Exporting to Google Sheets with Scrapy#

To configure a Scrapy project or spider to export scraped data to Google Sheets:

You need Python 3.8 or higher.

If you are using Scrapy Cloud, make sure you are using stack scrapy:1.7-py38 or higher. Using the latest stack (scrapy:2.11) is generally recommended.

Install scrapy-feedexporter-google-sheets:

pip install git+https://github.com/scrapy-plugins/scrapy-feedexporter-google-sheets

If you are using Scrapy Cloud, remember to add the following line to your requirements.txt file:

scrapy-feedexporter-google-sheets @ git+https://github.com/scrapy-plugins/scrapy-feedexporter-google-sheets

In your settings.py file, define FEED_STORAGES as follows:
settings.py#
```
FEED_STORAGES = {
    "gsheets": "scrapy_google_sheets_exporter.gsheets_exporter.GoogleSheetsFeedStorage",
}
```
If the setting already exists in your settings.py file, modify the existing setting to add the key-value pair above, instead of re-defining the setting.
Add a FEEDS setting to your project or spider, if not added yet.

The value of FEEDS must be a JSON object ({}).

If you have FEEDS already defined with key-value pairs, you can keep those if you want — FEEDS supports exporting data to multiple file storage service locations.

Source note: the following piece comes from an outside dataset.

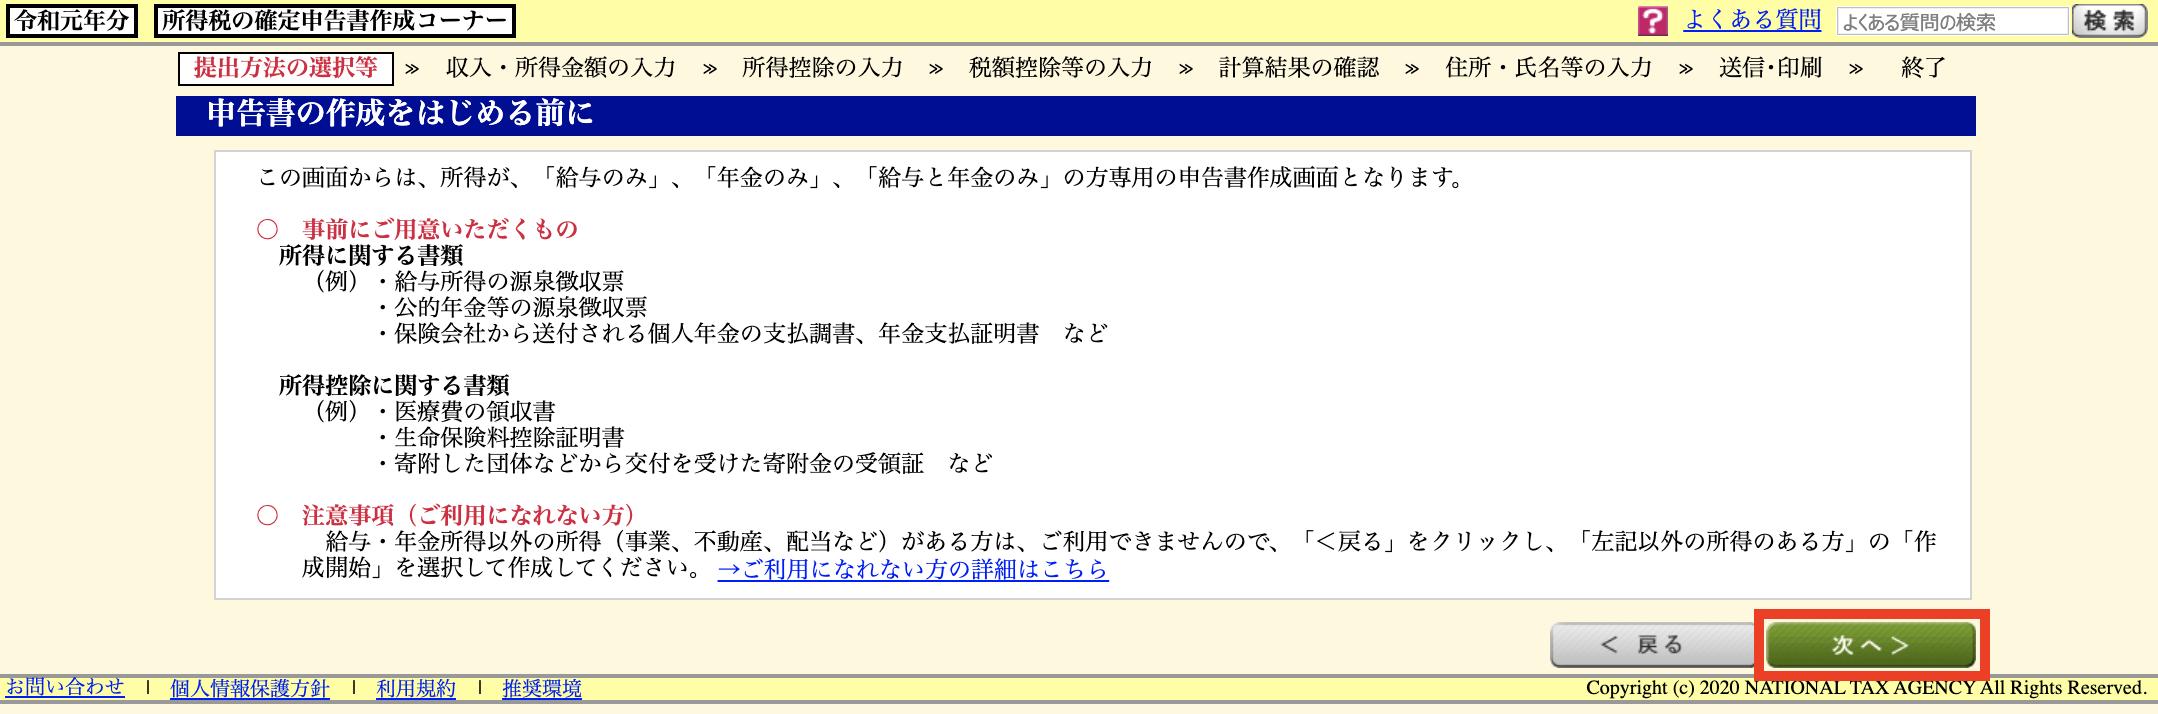 作成 申告 国税庁 コーナー 確定

To add FEEDS to a project, define it in your Scrapy Cloud project settings or add it to your settings.py file:
settings.py#
```
FEEDS = {}
```
To add FEEDS to a spider, define it in your Scrapy Cloud spider-specific settings (open a spider in Scrapy Cloud and select the Settings tab) or add it to your spider code with the update_settings method or the custom_settings class variable:
spiders/myspider.py#
```
class MySpider:
    custom_settings = {
        "FEEDS": {},
    }
```
Add the following key-value pair to FEEDS:
```
{
    "gsheets://docs.google.com/spreadsheets/d/<SPREADSHEET ID>/edit#gid=<WORKSHEET ID>": {
        "format": "csv"
    }
}
```
Where:
- You can find the right values for <SPREADSHEET ID> and <WORKSHEET ID> in the URL when you are looking at the target worksheet, e.g: https://docs.google.com/spreadsheets/d/1fWJgq5yuOdeN3YnkBZiTD0VhB1MLzBNomz0s9YwBREo/edit#gid=1261678709.
  
  Note
  
  If /edit#gid=<WORKSHEET ID> is omitted, the first worksheet is used.
To append to an existing worksheet, you should also:
- Use the fields feed option of FEEDS or the FEED_EXPORT_FIELDS Scrapy setting to explicitly indicate all fields to export, in the expected order.
- Set item_export_kwargs.include_headers_line to False, to not write the header row.
For example:
```
{
    "gsheets://docs.google.com/spreadsheets/d/<SPREADSHEET ID>/edit#gid=<WORKSHEET ID>": {
        "format": "csv",
        "fields": ["field1", "field2"],
        "item_export_kwargs": {"include_headers_line": False}
    }
}
```

Define the GOOGLE_CREDENTIALS setting as a Python dictionary containing your service account credentials in JSON format:

settings.py#

GOOGLE_CREDENTIALS = {
    "type": "service_account",
    "project_id": "myproject",
    "private_key_id": "…",
    "private_key": "…",
    "client_email": "…@email.iam.gserviceaccount.com",
    "client_id": "…",
    "auth_uri": "…",
    "token_uri": "…",
    "auth_provider_x509_cert_url": "…",
    "client_x509_cert_url": "…"
}

Make sure you give your service account write access on the target spreadsheet. You can do that by sharing the spreadsheet with the email of the service account (client_email in the JSON above).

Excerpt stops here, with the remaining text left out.